I watched her walk away slowly in all her university student glory. Wearing a grey polyester tunic over black leggings and boots. Exactly what a poor uni student should look like. Poor Leila. As in, ‘she had no money’ poor. I’m sure she has a rich life anyhow, just not the financial type. Yet. I know what those lawyer types are like, one more year and she’d be charging me for advice. Phone calls suddenly counted in fifteen-minute increments. I wasn’t stupid. I’d say I was asking advice on behalf of Kylie, and then she’d send the bill to her.
Chapter 14
Busted
I considered staying for something to eat since, without realising it I had practically starved myself this morning with all the drama. I started to play my voice messages before I scrolled through my phone for a suitable luncheon partner. The first message was from Gemma, ‘Far out, Sam. Were you wearing something orange on your head this morning? I thought the likes of you didn’t do orange! When I dyed my hair “Fanta”, you told me to watch out for trick or treaters. You said it looked like a pumpkin had landed on my head!’
Oh God, no. That wasn’t good. I took a deep, calming breath and remembered it was only Gemma the blue-haired band freak. No one cared about her opinion anyway. The next message began. I recognised Silicon Sharona’s voice immediately. ‘Hey, babe. I’ve just had the
biggest laugh.
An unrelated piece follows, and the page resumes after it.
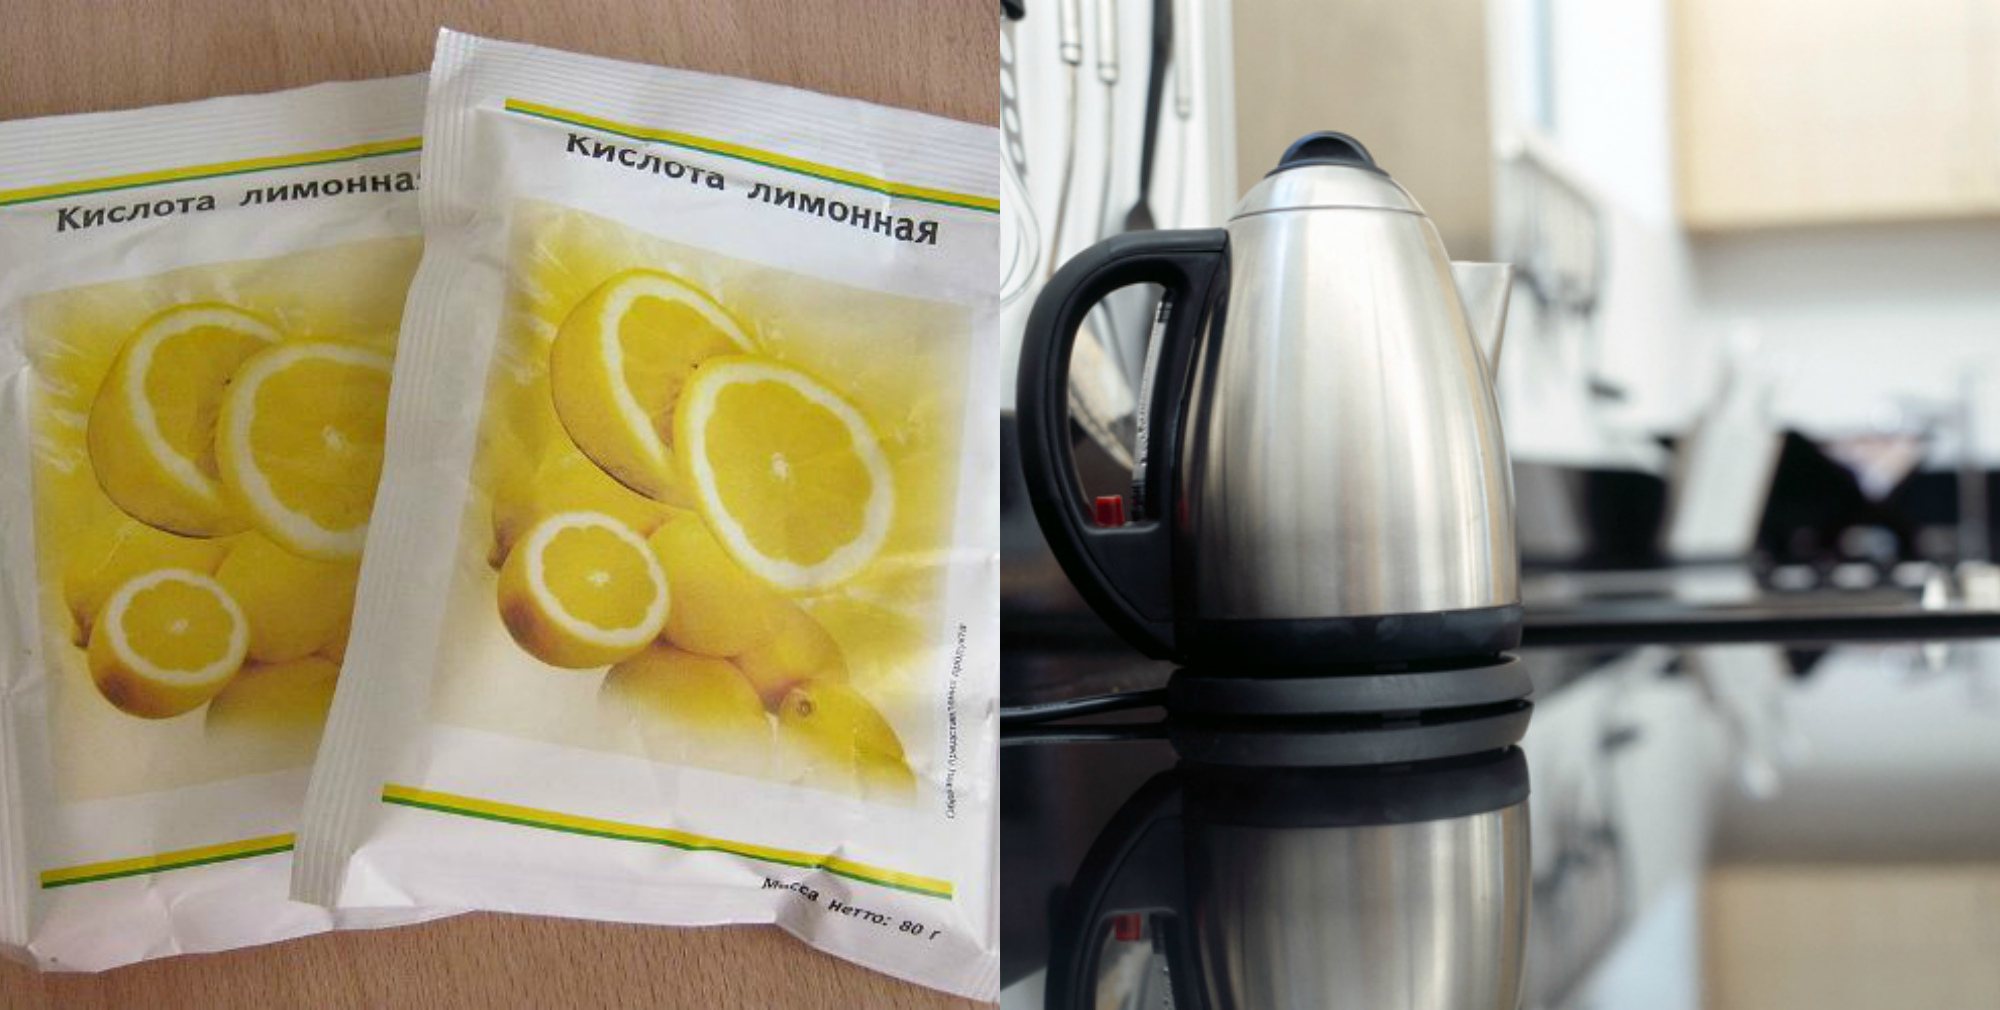 Лимонная кислота для чистки чайника от накипи. Лимонная кислота от накипи в чайнике электрическом. Накипь лимонная кислота электрический чайник. Чистка чайника лимонной кислотой. Накипь в чайнике лимонной кислотой.

Kylie sent me a picture of you with frizzy hair and an orange hat on! Thanks for cheering me up, babe. I’m getting cabin fever here in recovery. Talk soon.’
I can tell you with absolute sincerity, when I see Sharona, I am going to pierce her fake boobs with a knitting needle. And stab Kylie with her thinning shears. How the hell did she get a photo of me? I did spend a moment or two mourning the fact that I hadhair in the picture.
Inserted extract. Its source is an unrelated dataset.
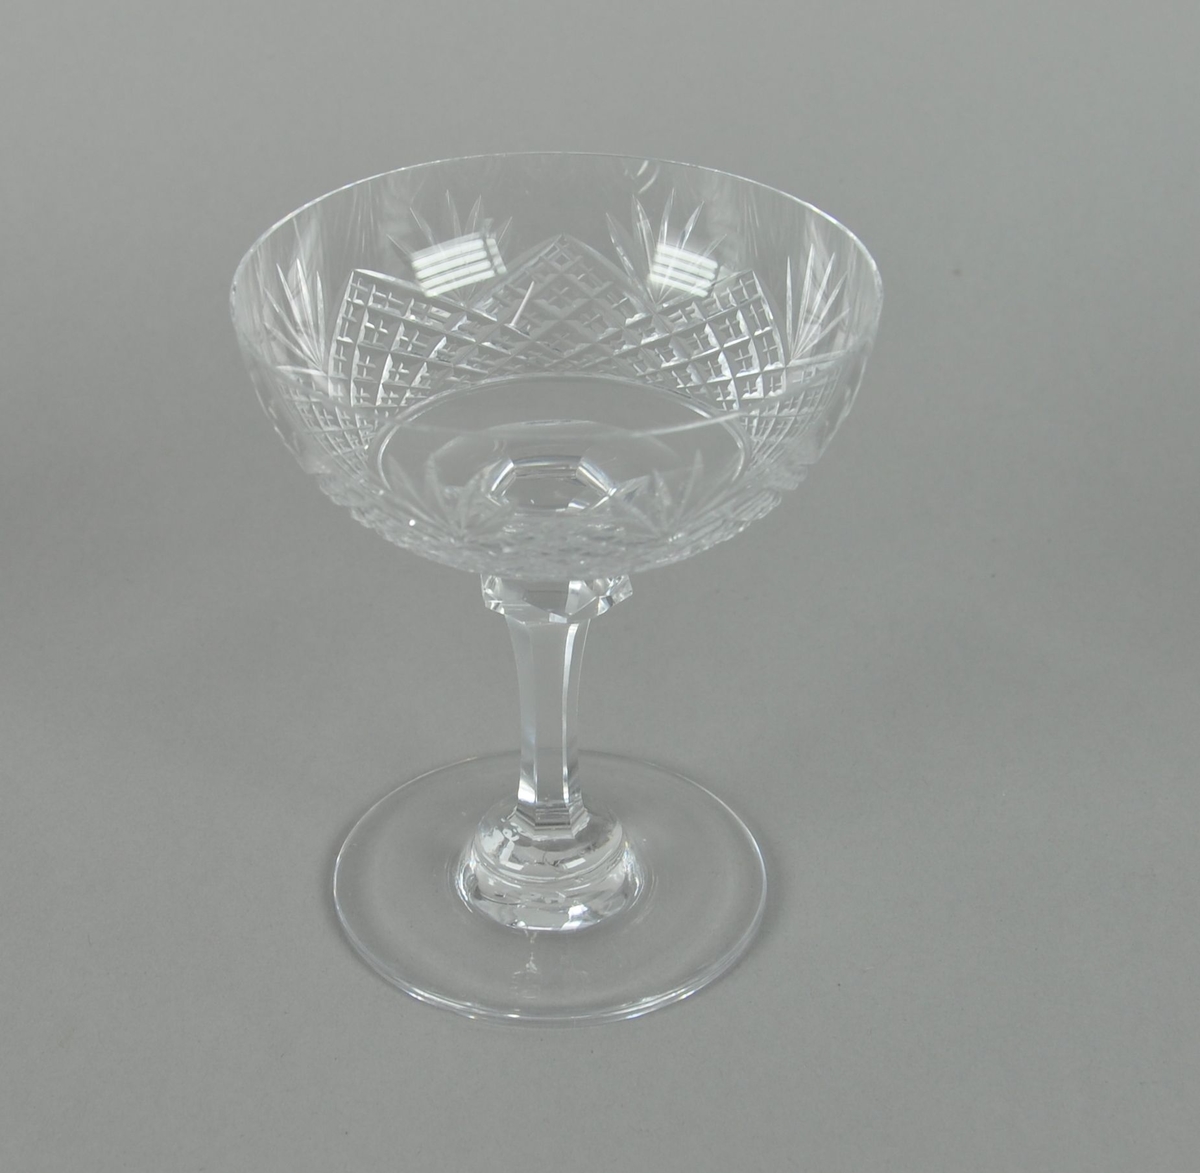 Sjampanjeglass av krystall. Glasset har rund form med sekskantet stett og rund sokkel. På utsiden av glasset er det innrisset dekor av kryssmønstre og palmetter.

I deleted all the other messages without listening to them.
I didn’t want to know who else had seen me looking, well, not my very best. I was going to ring Kylie and blast her, but she might record the call and spread that around. You couldn’t trust her one little bit. She was a convicted criminal, remember.
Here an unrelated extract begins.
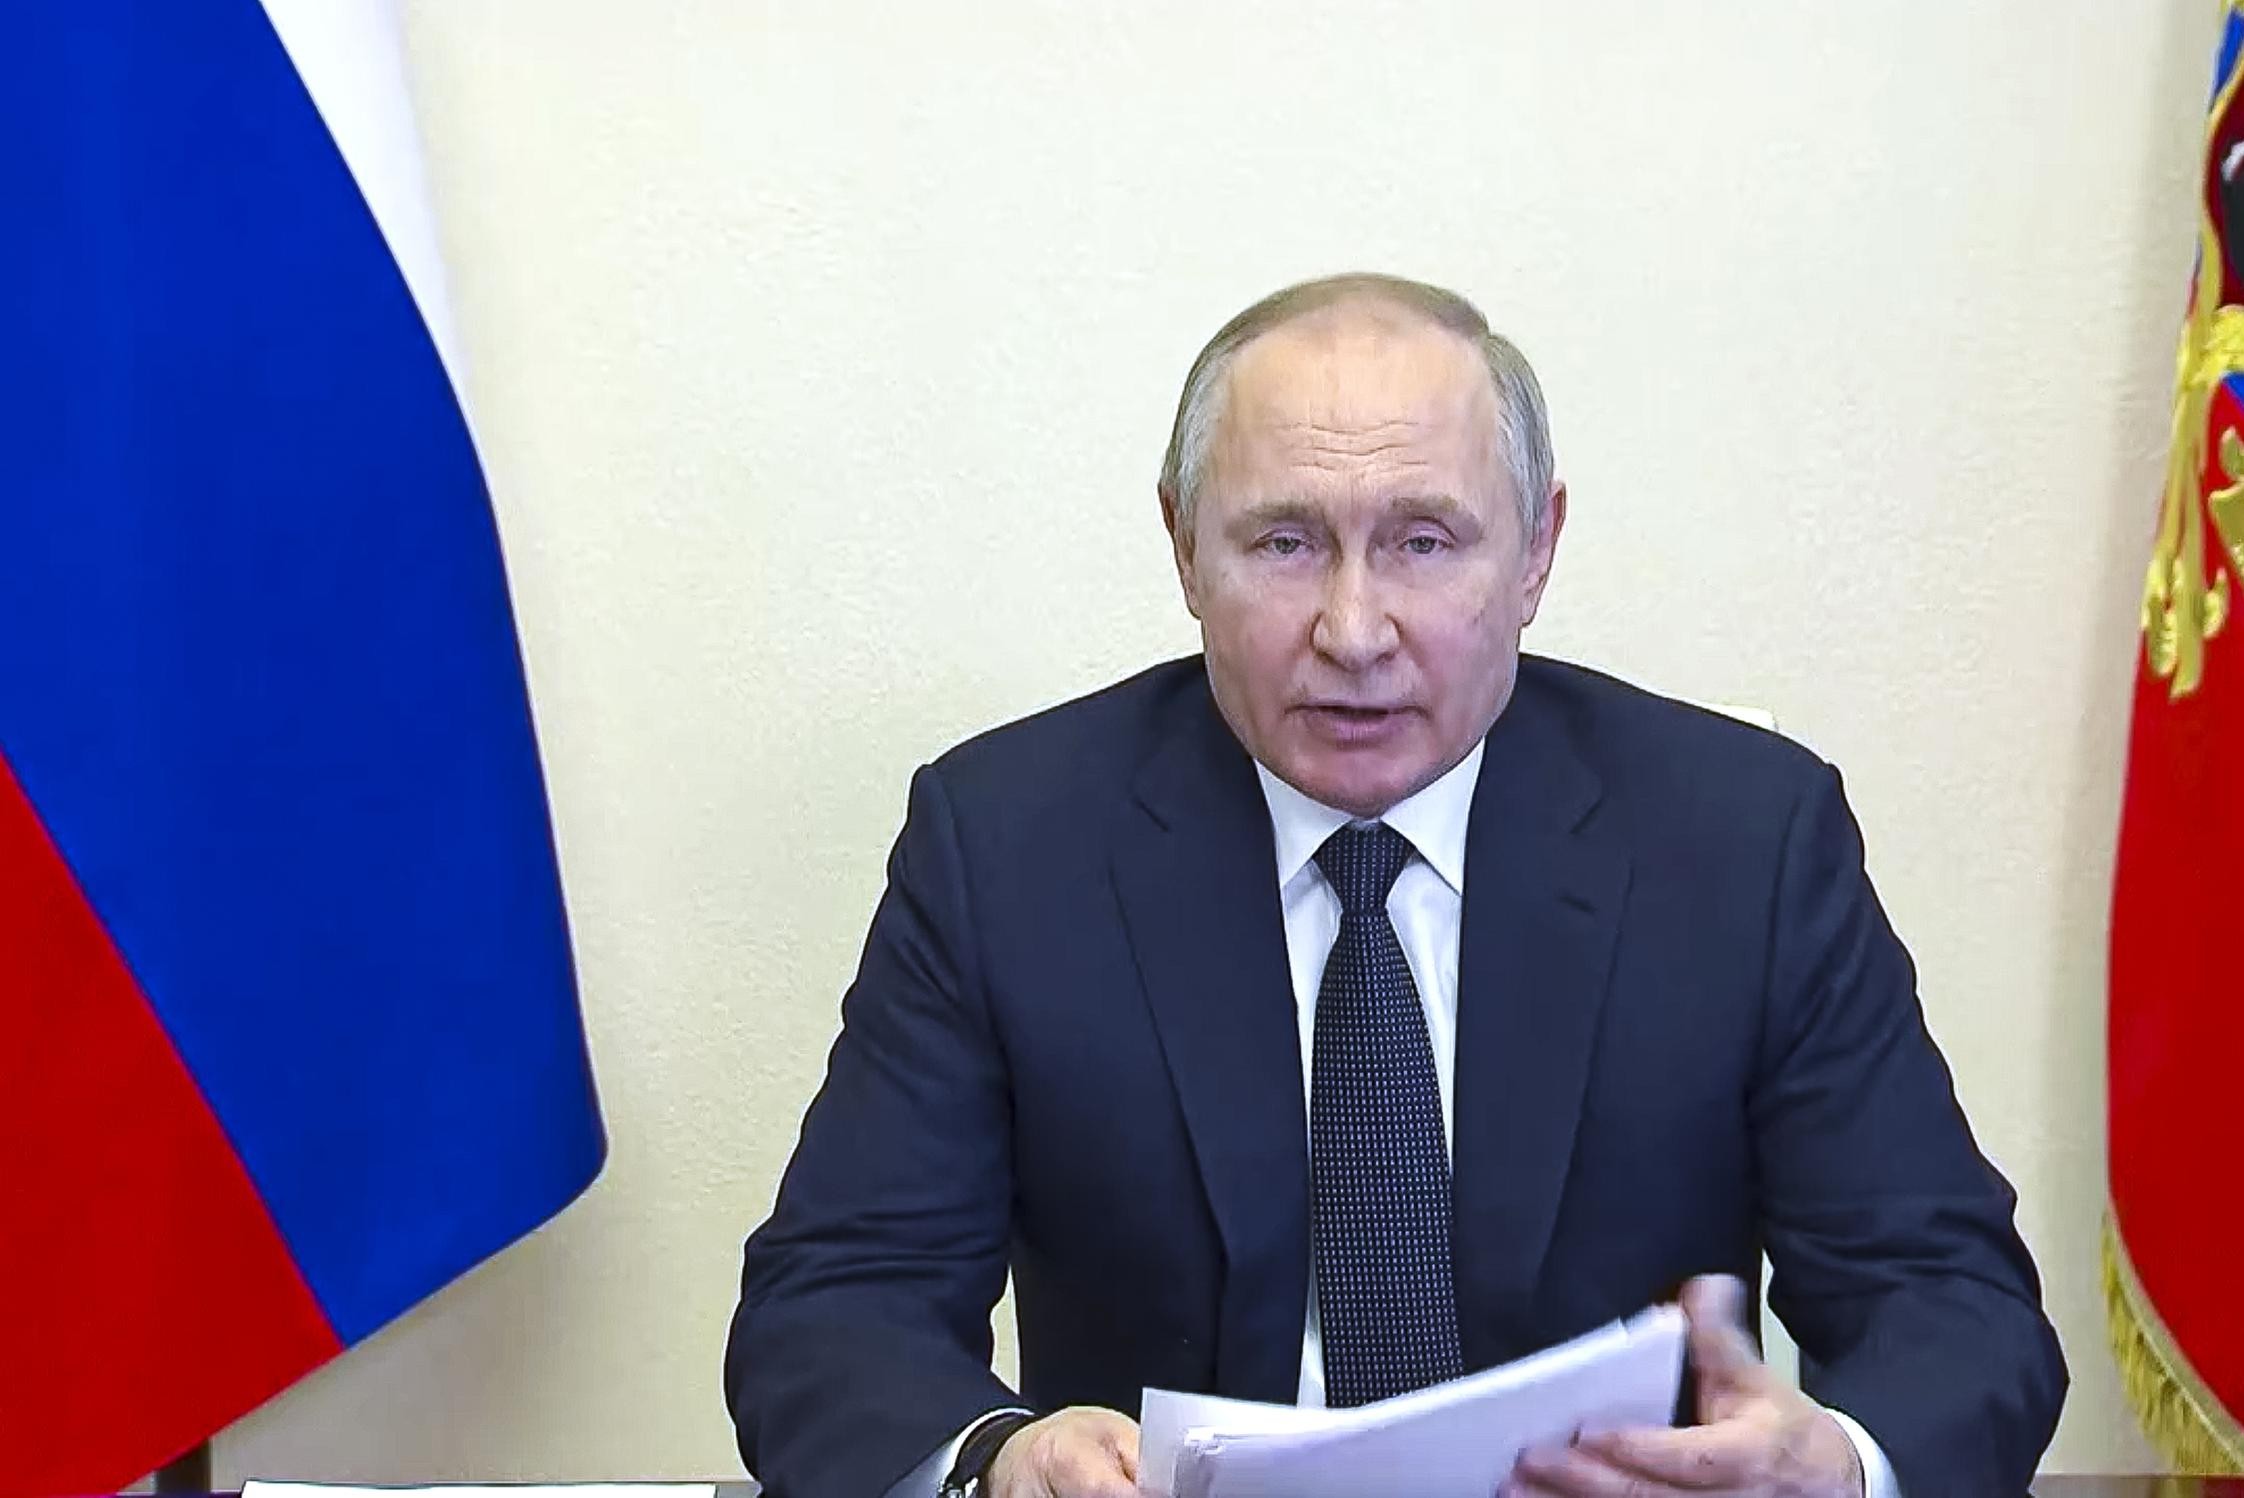 Президент Владимир Путин предостерегает россиян от прозападных «предателей»: «Необходимо самоочищение нашего общества»

I contemplated walking slowly but briskly home until I remembered I had no power. The only other option I could think of was my mother. Goddamn it, it had to be done. I’d get her to whip me up a pesto and parmesan pasta and maybe get a quick massage to banish all the sudden stress I had accumulated.
I winked at Toffany, which still felt sort of wrong, since she was a girl, and headed off, once again, to the leafy suburb of Claremont.
***
Mum’s house was old federation style, wrapped with a huge veranda. If you were into old and leafy, rose gardens and picket fences, it’d be right up your alley. I found it all a little humdrum. Give me modern any day. She only had one bathroom. Five bedrooms and one bathroom, which seemed lacking. Not that she needed any more than one, I guess, because she’s lived alone since Dad died. When I lived there, we always had major bathroom issues. I couldn’t stand those black and white chequered tiles for starters. Can you imagine getting up with a hangover and having to stare at them first thing in the morning? It was like winning the Grand Prix every day, but not in a good way.
I rounded the bend to Mum’s house and saw a taxi in the driveway. I had totally forgotten she was booked out for months now, according to every random friend of mine. I let myself in with the spare key hidden under the flowerpot (very original) and made my way to her ‘therapy’ room. The door was wide open with only a faint whiff of patchouli for comfort.